WHAT THE TASK ASKS: Exactly as they appear, retype the lines from the one containing "FREEWILD Monkey life illustration" through the final line of the data below. Leave pictures out.

DATASET EXCERPT:
========================
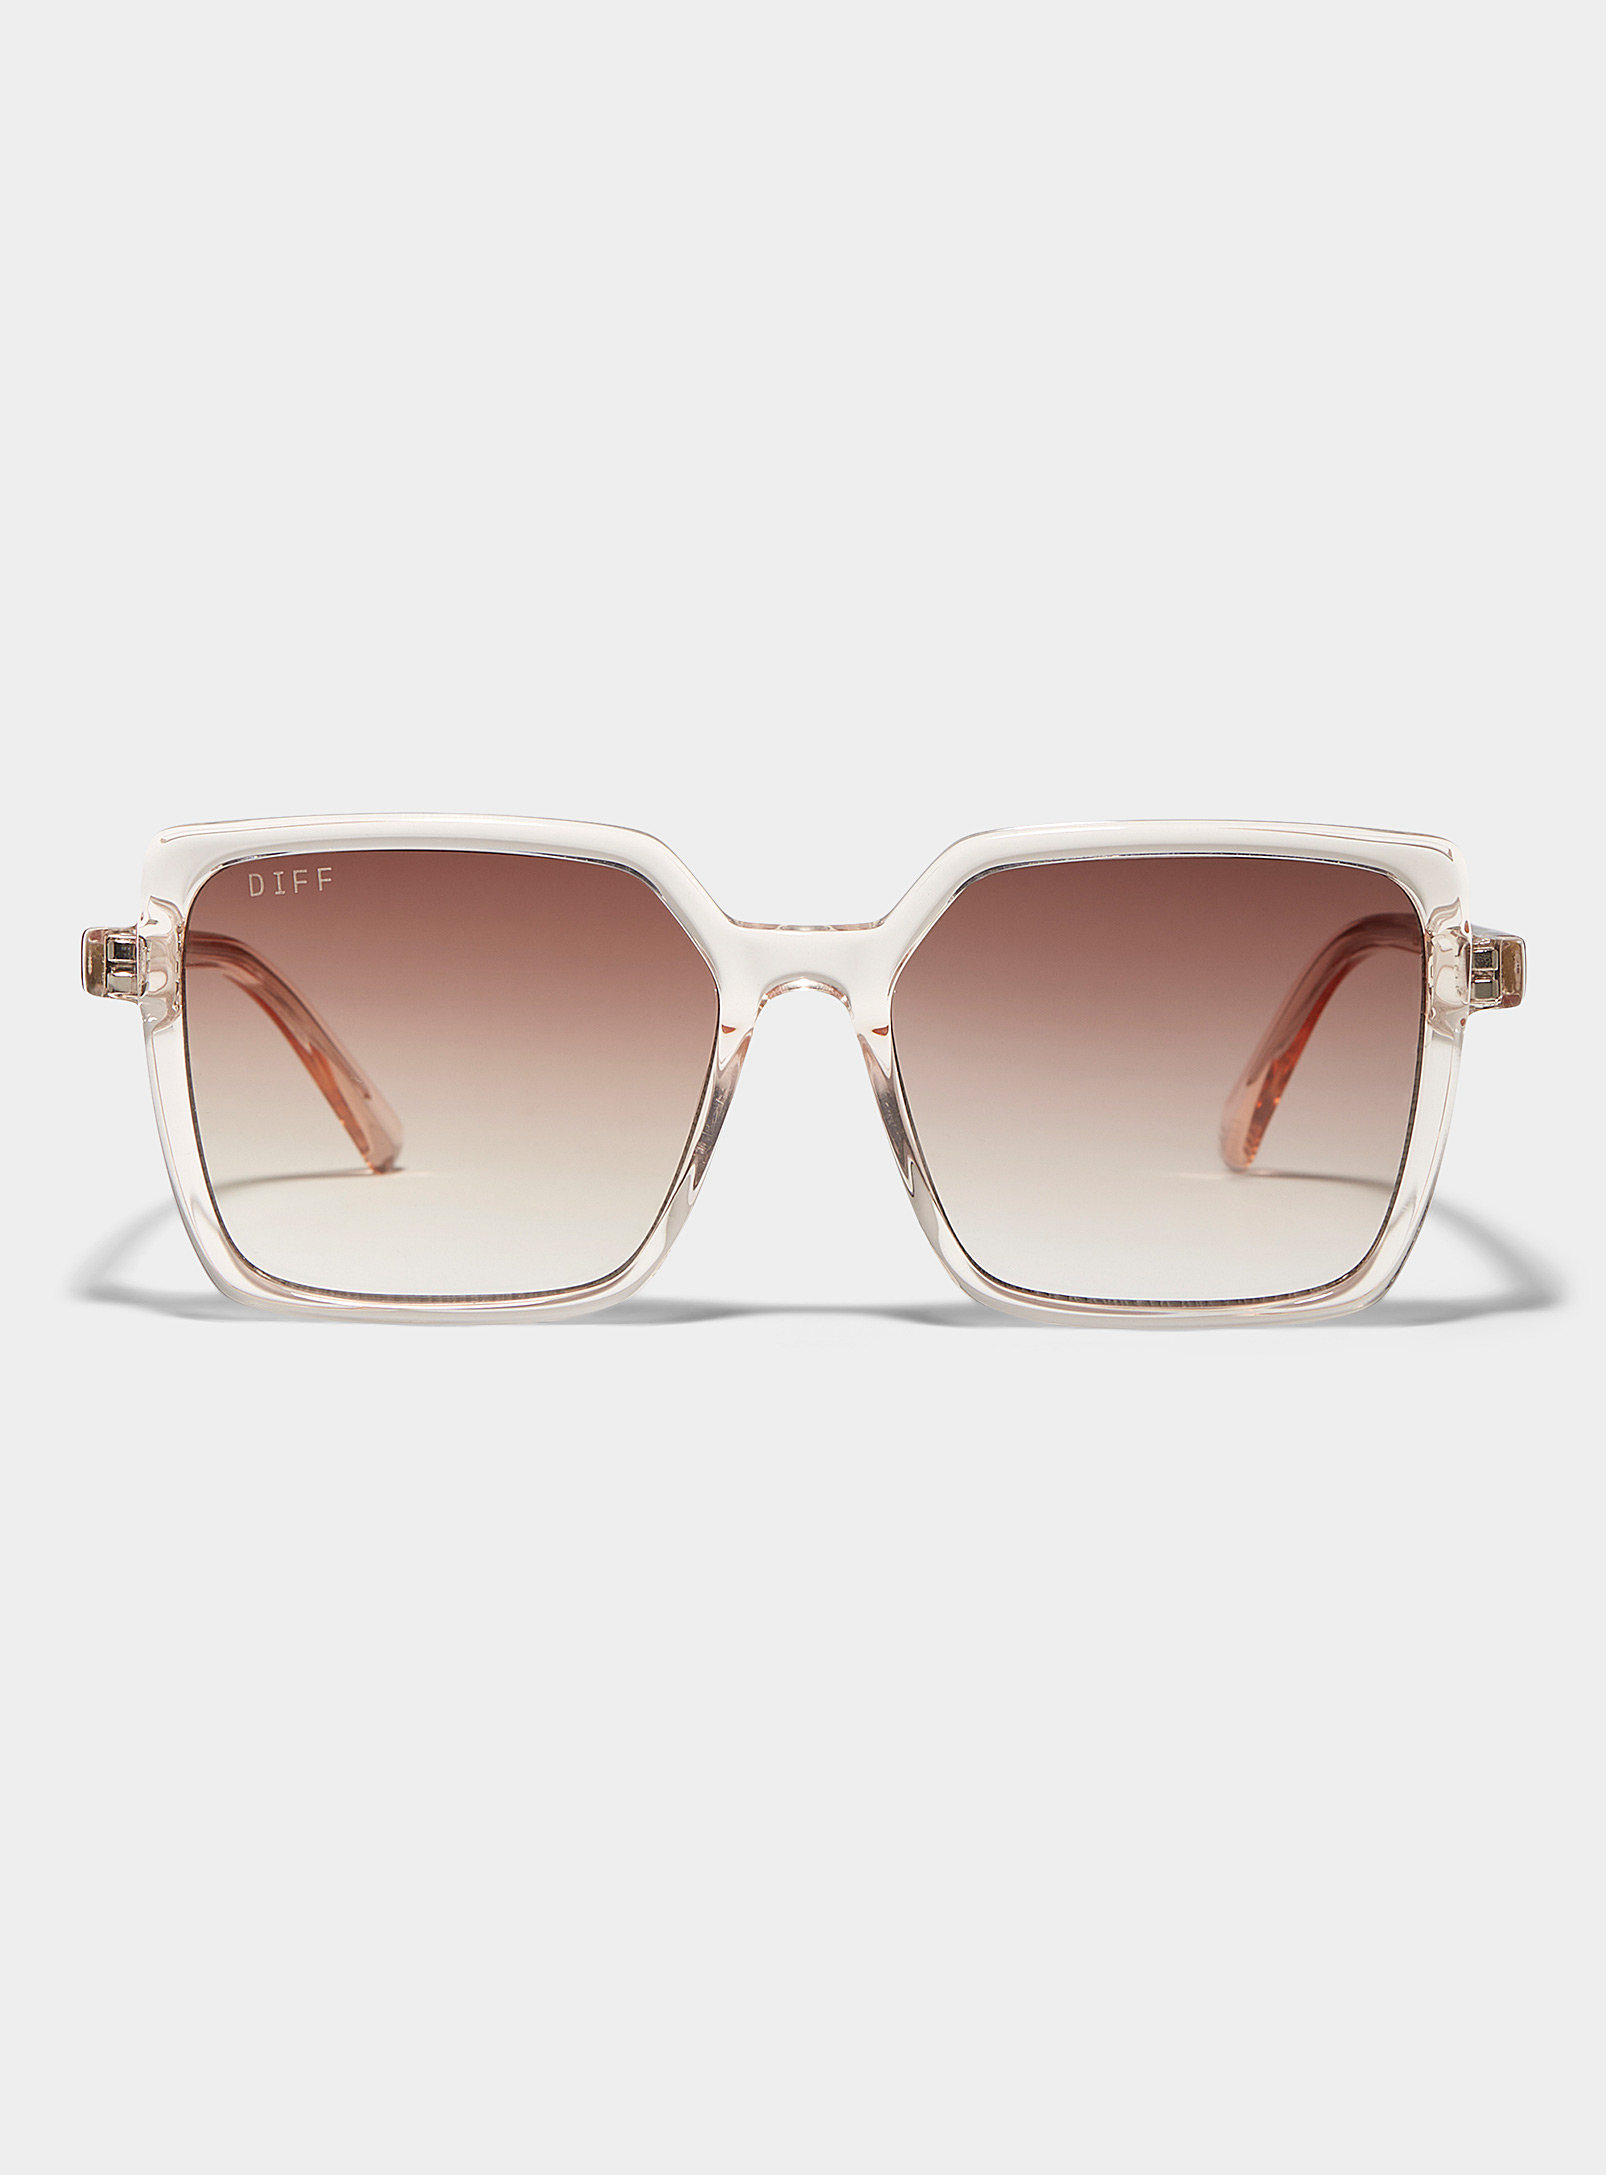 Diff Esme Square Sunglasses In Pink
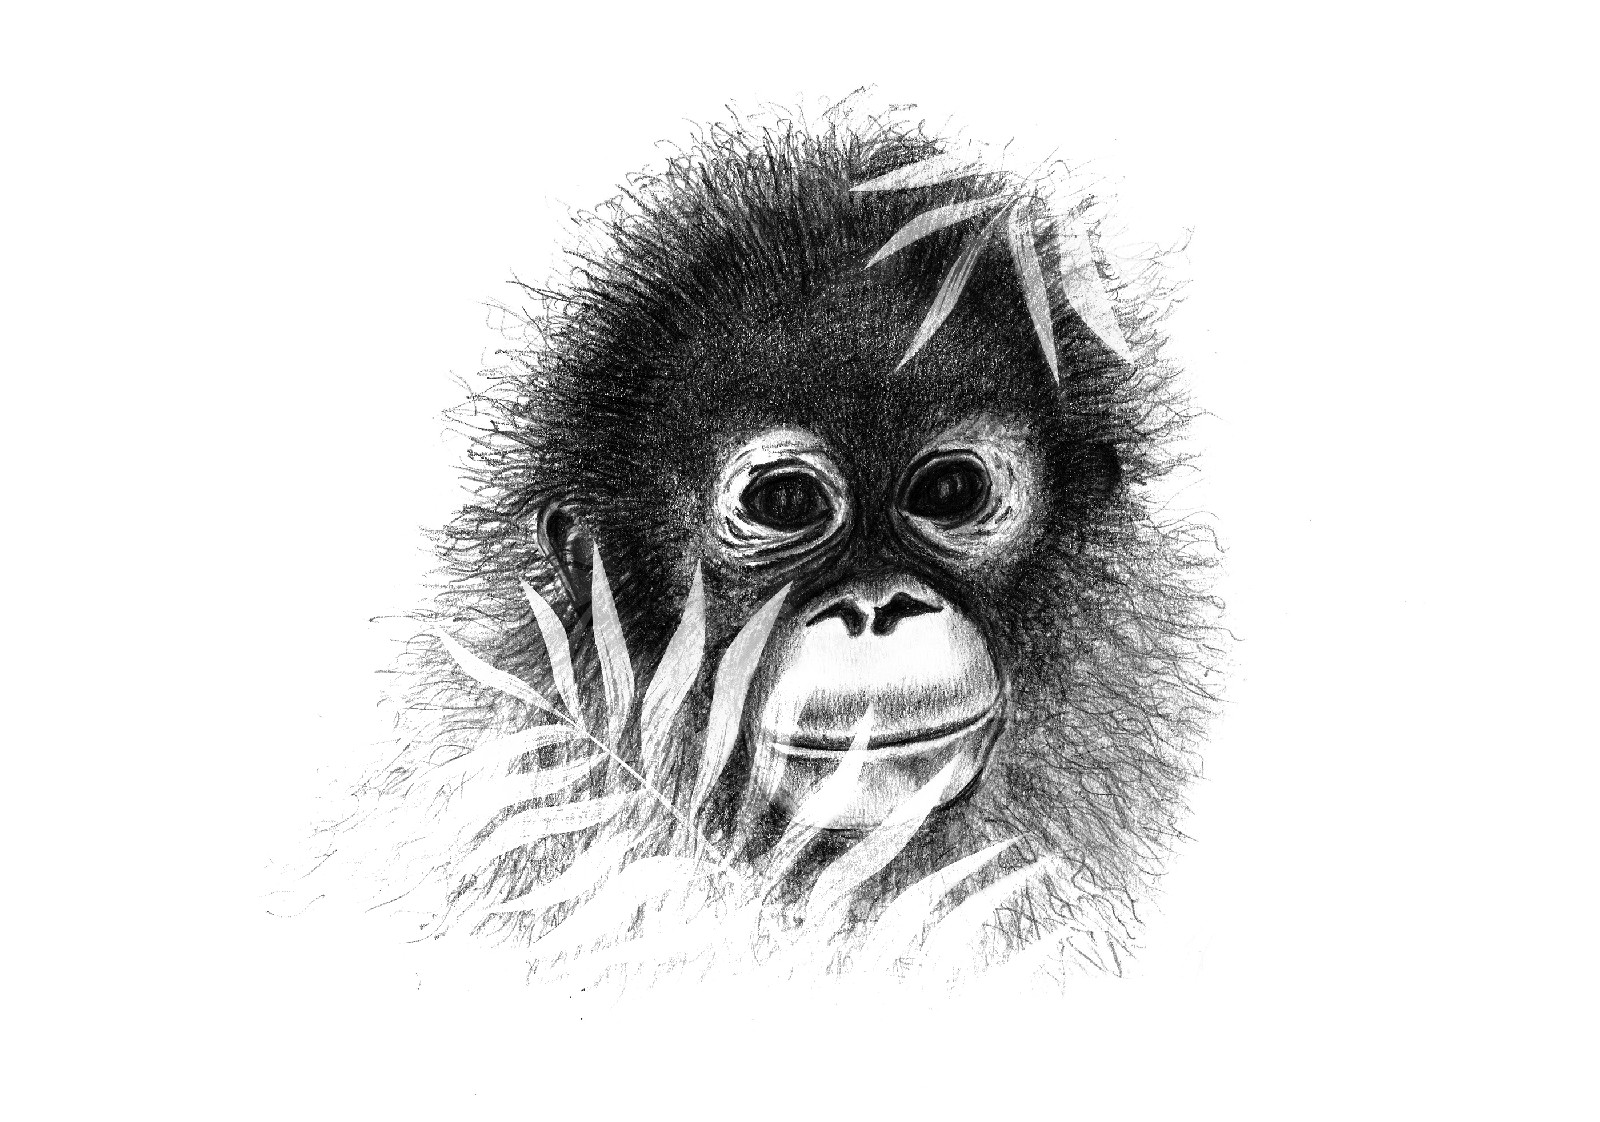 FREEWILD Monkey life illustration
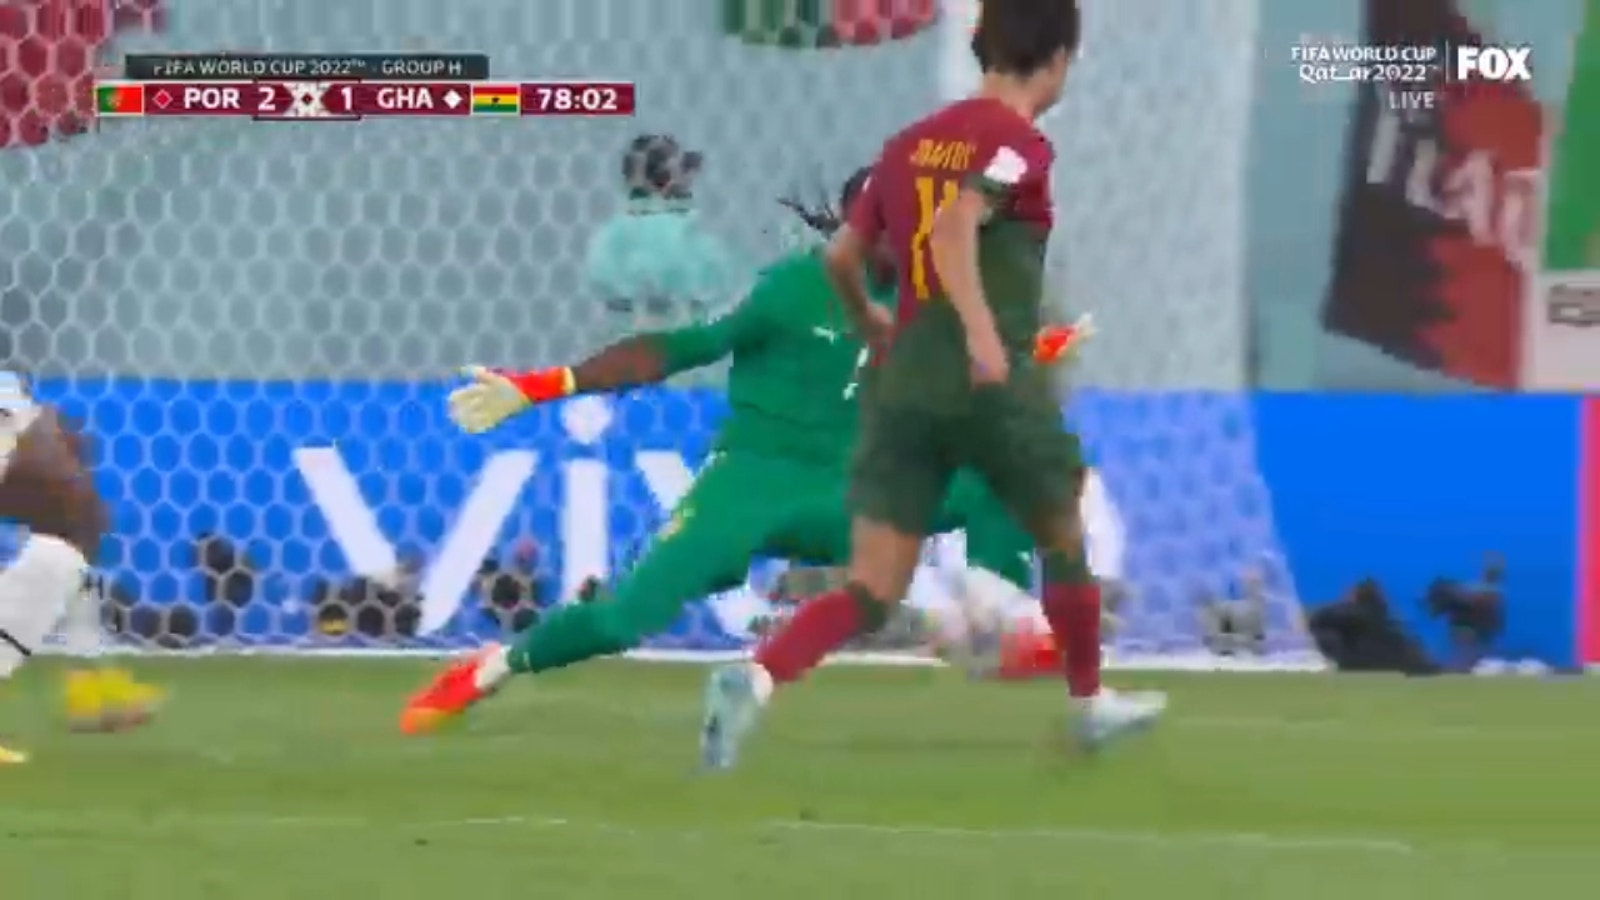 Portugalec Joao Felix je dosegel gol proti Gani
========================
PROBLEM SOLUTION:
 FREEWILD Monkey life illustration
 Portugalec Joao Felix je dosegel gol proti Gani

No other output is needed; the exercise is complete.